Array class and pointer aliasing problems

M

Mathieu Benoit

(I'm having trouble to post this, sorry if this mail comes
several times)

I'm trying to optimize the use of an integer array class,
and I found that one major problem is pointer aliasing.

I consider the following example:

--------------------------------------------------------
class IntTab
{
public:
IntTab(int n, int m) :
data(new int[n*m]), dim0(n), dim1(m) {
}
~IntTab() {
delete data;
}
int ni() const {
return dim0;
}
int nj() const {
return dim1;
}
int & operator()(int i, int j) {
return data[i*dim1+j];
}
const int & operator()(int i, int j) const {
return data[i*dim1+j];
}
void myjob(IntTab & a) const;
private:
int * const data;
const int dim0;
const int dim1;
};

void myjob(const IntTab & a, IntTab & b)
{
int i, j, k;
int ni = b.ni();
int nj = b.nj();
for (i=0, k=0; i<ni; i++)
for (j=0; j<nj; j++, k++)
b(k,0) = a(i,j);
}

void IntTab::myjob(IntTab & a) const
{
int a_j = a.dim1;
int ni = dim0;
int nj = dim1;
int i, j, k;
int * a_data = a.data;
int * my_data = data;
for (i=0, k=0; i<ni; i++)
for (j=0; j<nj; j++, k++)
a_data[k*a_j] = my_data[i*nj+j];
}
---------------------------------------------------------

"myjob" is poorly optimized by the compiler (g++ 3.2)
because it assumes that in the process of writing b, I could
silently update the pointers (a.data and b.data) and the
index counters (a.dim1 and b.dim1) which are used in the
loop. Indeed, making these variables local as in
IntTab::myjob is much better but of course I prefer to write
my algorithms with the operator() which allows to easily put
some asserts for debugging.

Strangely enough, changing my array for an array of double
leads to the same problem, even with "-fstrict-aliasing".

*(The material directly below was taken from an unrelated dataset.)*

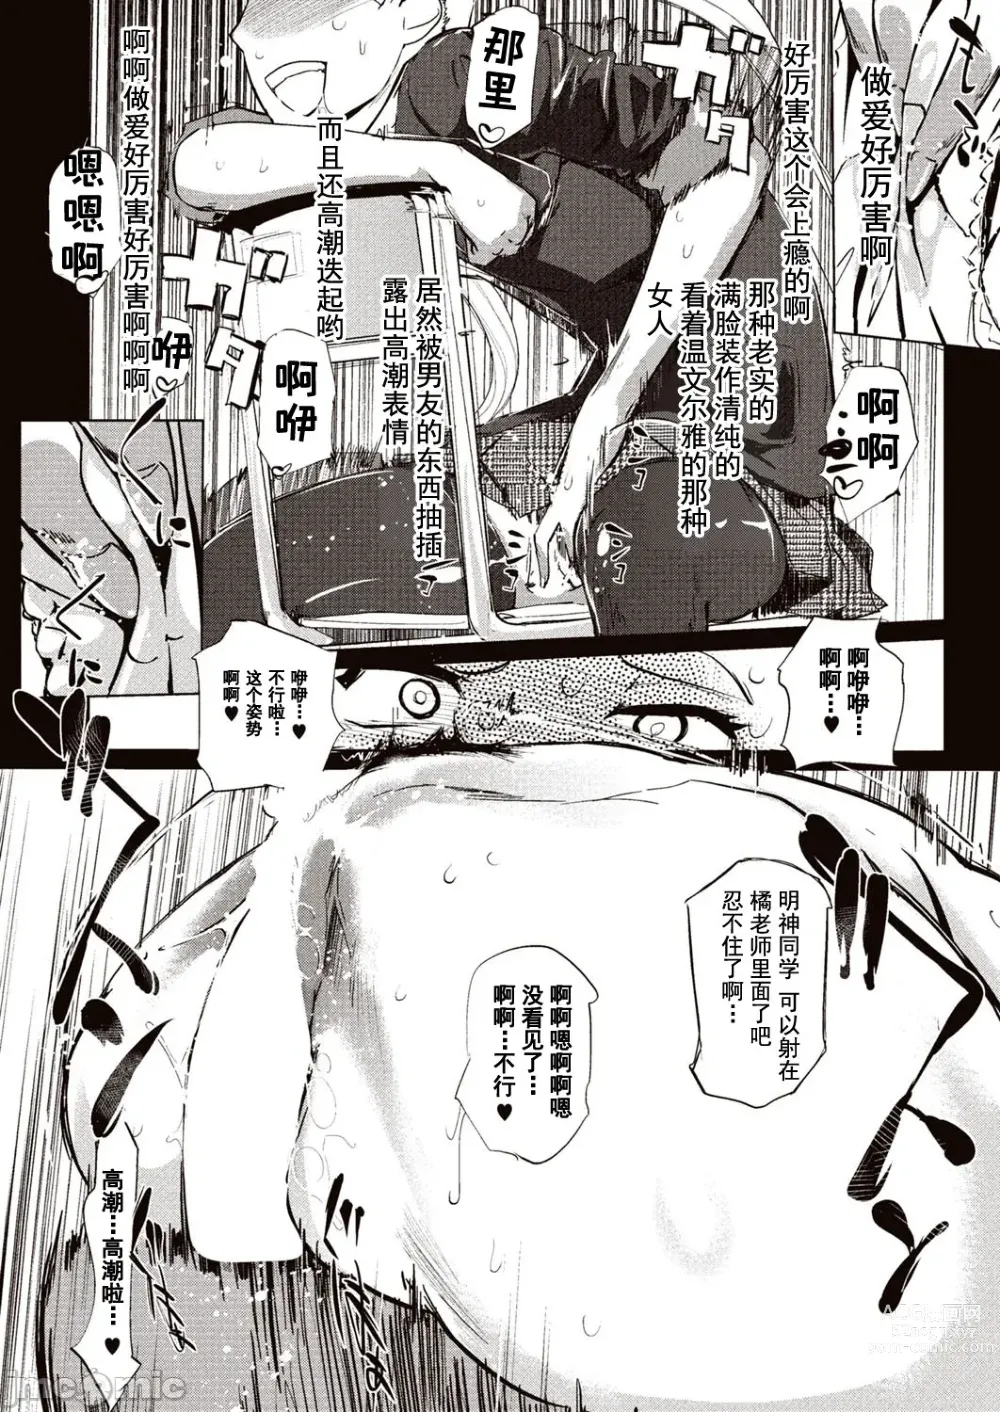 Page 68 of manga 賣作社團的招待券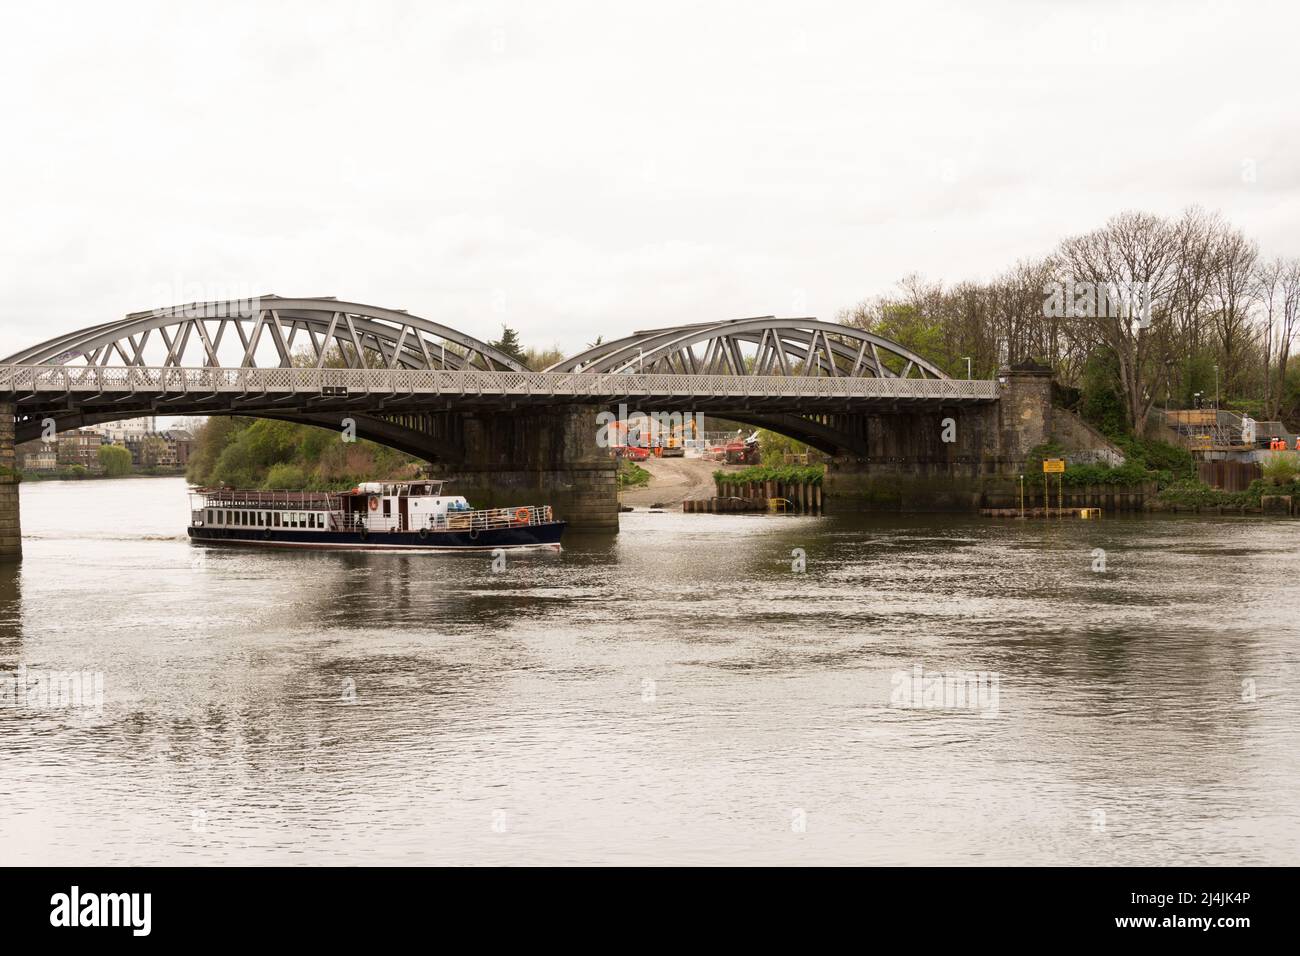 Un bateau de plaisance vide passant sous le pont Barnes sur la Tamise à Barnes, dans le sud-ouest de Londres, Angleterre, Royaume-Uni Banque D'Images

Moreover, the "restrict" keyword might help here but it is
not supported by g++. Is there another way to tell the
compiler that caching the pointers is safe while preserving
readability ?

Is there something special with g++3.2 ?

Thanks,
Benoit MATHIEU
 
J

Jumbo

Mathieu Benoit said:
(I'm having trouble to post this, sorry if this mail comes
several times)

I'm trying to optimize the use of an integer array class,
and I found that one major problem is pointer aliasing.

I consider the following example:

--------------------------------------------------------
class IntTab
{
public:
IntTab(int n, int m) :
data(new int[n*m]), dim0(n), dim1(m) {
}
~IntTab() {
delete data;
}
int ni() const {
return dim0;
}
int nj() const {
return dim1;
}
int & operator()(int i, int j) {
return data[i*dim1+j];
}
const int & operator()(int i, int j) const {
return data[i*dim1+j];
}
void myjob(IntTab & a) const;
private:
int * const data;
const int dim0;
const int dim1;
};

void myjob(const IntTab & a, IntTab & b)
{
int i, j, k;
int ni = b.ni();
int nj = b.nj();
for (i=0, k=0; i<ni; i++)
for (j=0; j<nj; j++, k++)
b(k,0) = a(i,j);
}

void IntTab::myjob(IntTab & a) const
{
int a_j = a.dim1;
int ni = dim0;
int nj = dim1;
int i, j, k;
int * a_data = a.data;
int * my_data = data;
for (i=0, k=0; i<ni; i++)
for (j=0; j<nj; j++, k++)
a_data[k*a_j] = my_data[i*nj+j];
}
---------------------------------------------------------

"myjob" is poorly optimized by the compiler (g++ 3.2)
because it assumes that in the process of writing b, I could
silently update the pointers (a.data and b.data) and the
index counters (a.dim1 and b.dim1) which are used in the
loop. Indeed, making these variables local as in
IntTab::myjob is much better but of course I prefer to write
my algorithms with the operator() which allows to easily put
some asserts for debugging.

Strangely enough, changing my array for an array of double
leads to the same problem, even with "-fstrict-aliasing".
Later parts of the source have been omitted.